Question

Suppose that an Egyptian farmer claims to have discovered a linen burial cloth used during Egypt's Middle Kingdom some 4000 years ago. Careful analysis shows that the cloth contains 80% of the 14C that it is estimated to have originally contained. How old is the cloth?

Answer 1

1844 years

Step-by-step explanation:

¹⁴C follows a first-order beta-decay according to the following equation.

¹⁴C ⇒ ¹⁴N + β⁻

We can calculate the concentration of ¹⁴C after some time using the following expression.

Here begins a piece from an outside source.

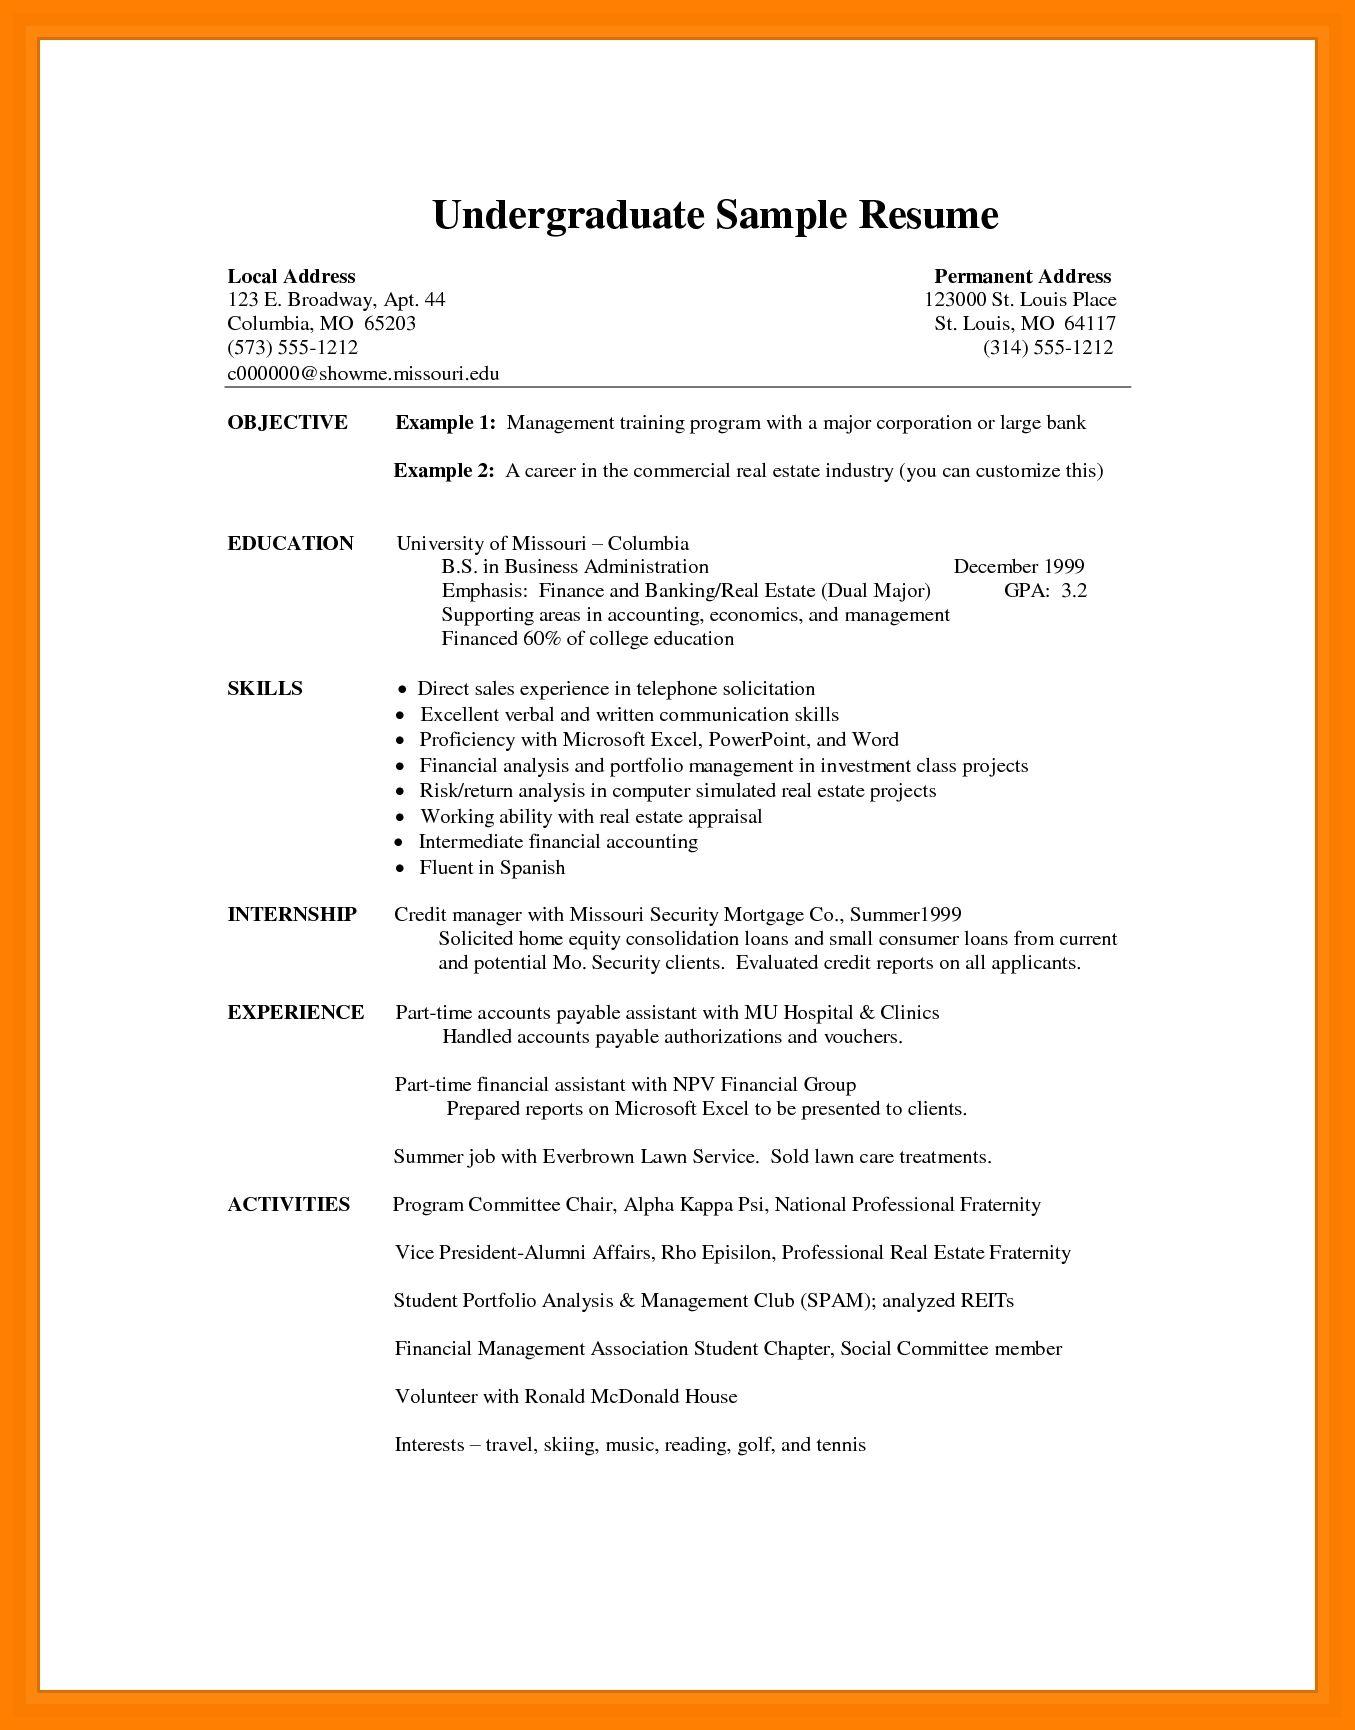 Resume Format Undergraduate Resume Templates Resume Examples Resume Format Resume

`ln(([C]_(t))/([C]_(0)) )=-k.t`

where,

[C]t is the concentration of ¹⁴C after some time

[C]₀ is the original concentration of ¹⁴C

k is the rate constant

t is the time elapsed

We can calculate the rate constant if we know the half-life (t1/2) using the following expression.

`k=(ln2)/(t_(1/2))`

Half-life of ¹⁴C is 5730 years. Then,

`k=(ln2)/(5730y)=1.210* 10^(-4) y^(-1)`

The elapsed time when the concentration of ¹⁴C is 80% of original is:

`ln((0.8[C]_(0))/([C]_(0)) )=-1.210* 10^(-4) y^(-1) * t\\t = 1844y`